What would it take for you to react to a breach of access that a privileged access tool would have prevented? This would include costs like:

  • The reactive effort, time and resources to stop the breach (i.e., recover)
  • Analysis of breach, including value of data loss (i.e., root cause analysis)
  • Improvements in UEBA, ZeroTrust, training, etc. (i.e., prevention)
  • Potential legal and regulatory consequences and loss of trust / downward C-SAT (i.e., fallout)

All of this would give you the cost of risk without mitigation. Let’s use an easy figure of $100k per incident. Depending on your business or service, the probability of cyberthreats may include ransomware attacks, data theft and disruption of services to perform or abilities to earn revenue. Let’s say that one of each per year – so a total of $300k per year.

Calculating the ROI – With Mitigation
Now, to determine risk with mitigation, you first need to understand cost of mitigation. Let’s use risk to privileged access to assets, whether domain controller, Cloud services, network devices or even documents or file-sharing services that contain intellectual property information. So, you inquire of a vendor regarding their capabilities. They quote you $100k for a ull suite per year and $100k to implement the solution. The total cost may include:

  • License cost (annual)
  • Implementation (one-time)
  • Training (one-time)
  • Operational (annual)

Additional costs would include $50k for training and $50k operations, so $300k total of the cost for year one, but $100k annual from Year 2 and onwards.

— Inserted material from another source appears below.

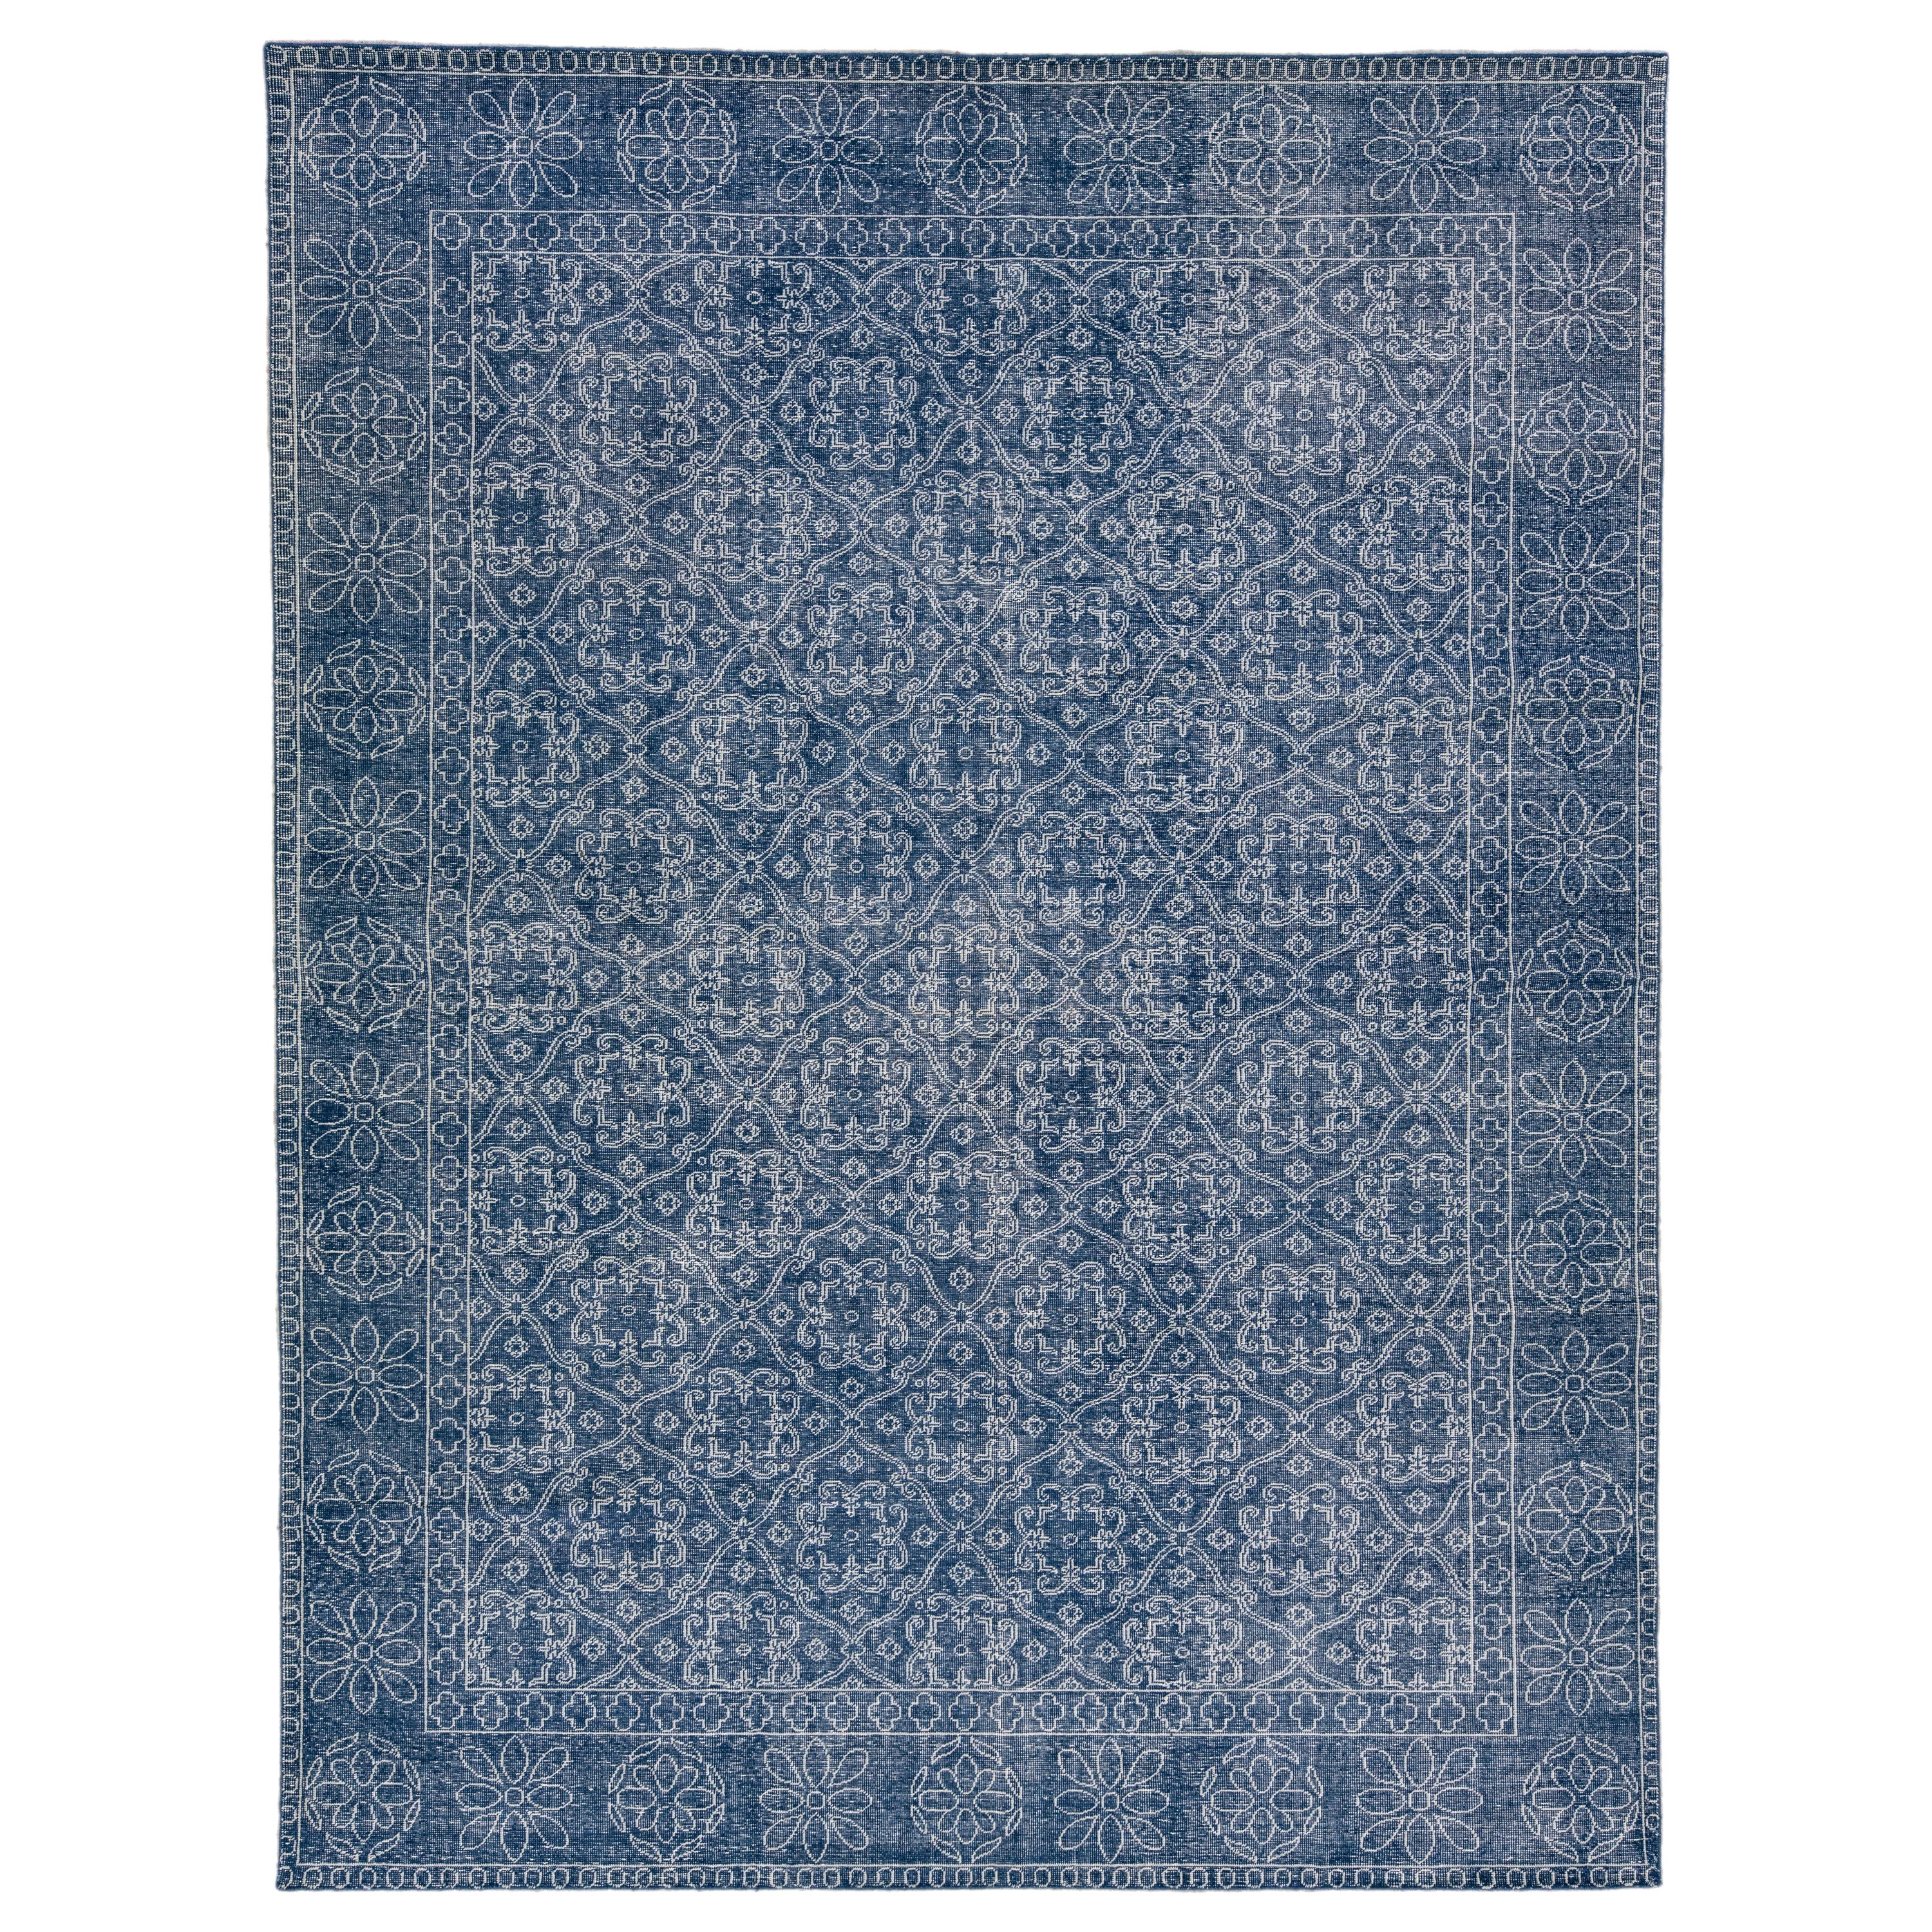 Blue Mid-Century Modern Style Handmade Floral Trellis Motif Wool Rug
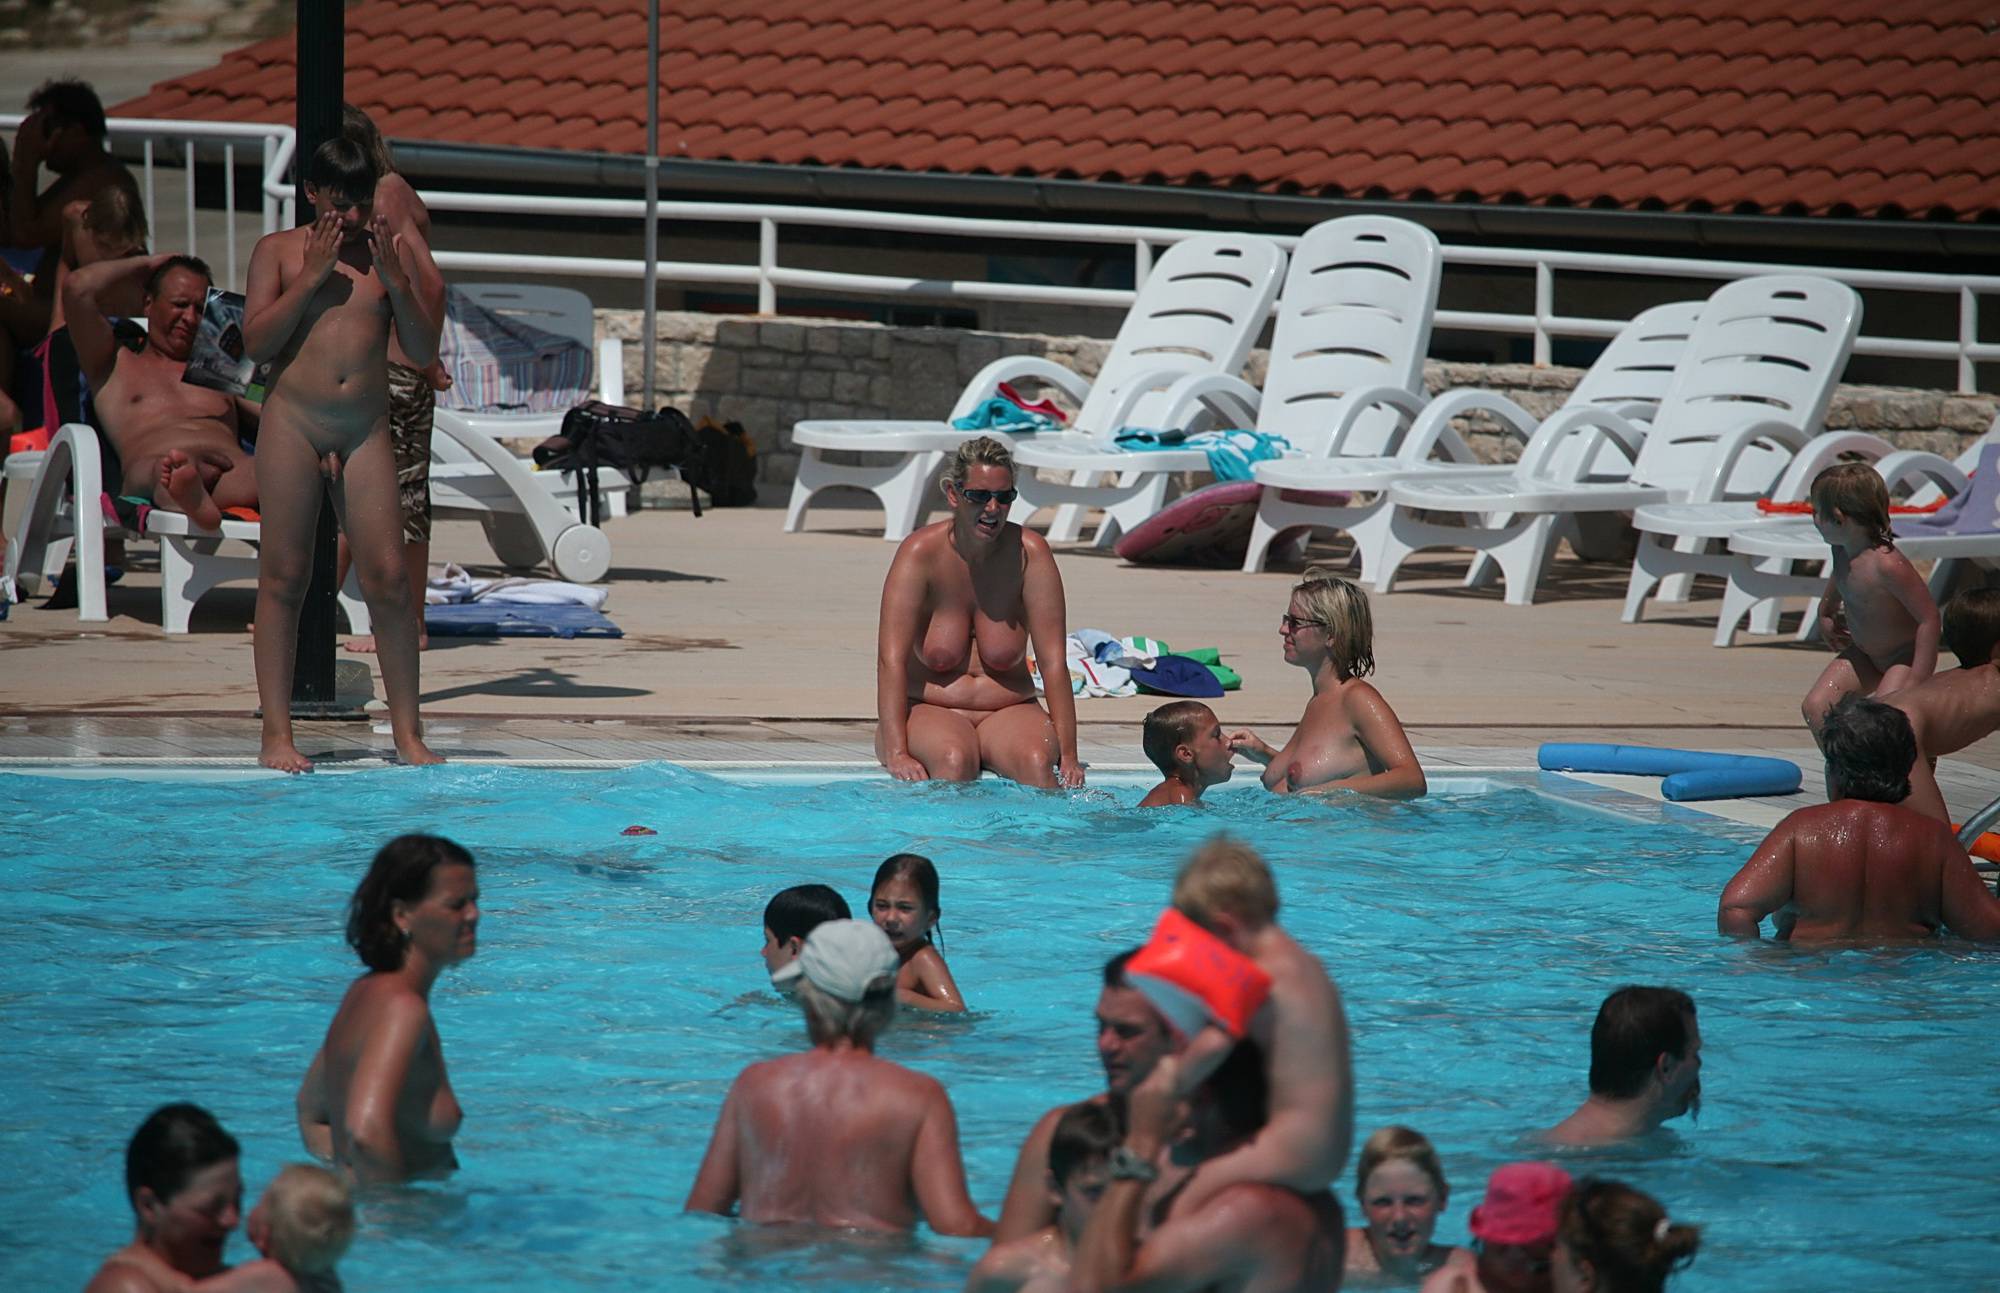 Pure Nudism Photos-Large Pool Gatherings - 3

Let’s assume that the tooling, in this scenario, would prevent data theft and ransomware attack by 99%, but perhaps only 20% of disruption of services. Let’s tally that as:

  • Ransomware attacks – $1k
  • Data theft – $1k
  • Disruption of services – $80k

Putting It All Together
In summary, we have:

  • Risk without mitigation: $300k
  • Risk with mitigation: $82k
  • Cost of mitigation: $300k

Let’s plug our figures into the ROI formula, which now shows:
ROI Year 1 = ($300k – 82k) / $300k
ROI = 73%

The percentage of this example ROI shows the effectiveness of moving forward with the risk mitigation strategy just for Year 1. The following ROI for Years 2 and onwards shows:
ROI Years 2+ = ($300k – $82k) / $150k
ROI Years 2+ = 140%

So, year one risk mitigation demonstrates 73% effectiveness, while Years 2 and onward show the migration of risk (i.e., risk aversion) of the investment to the tune of nearly double the benefit!

Again, a no brainer to proceed.

Showing this type of quantification of cyber risk aversion to the overall business or service articulates the request in terms your chief financial officer (CFO) will clearly see as a necessary investment worth funding year to year.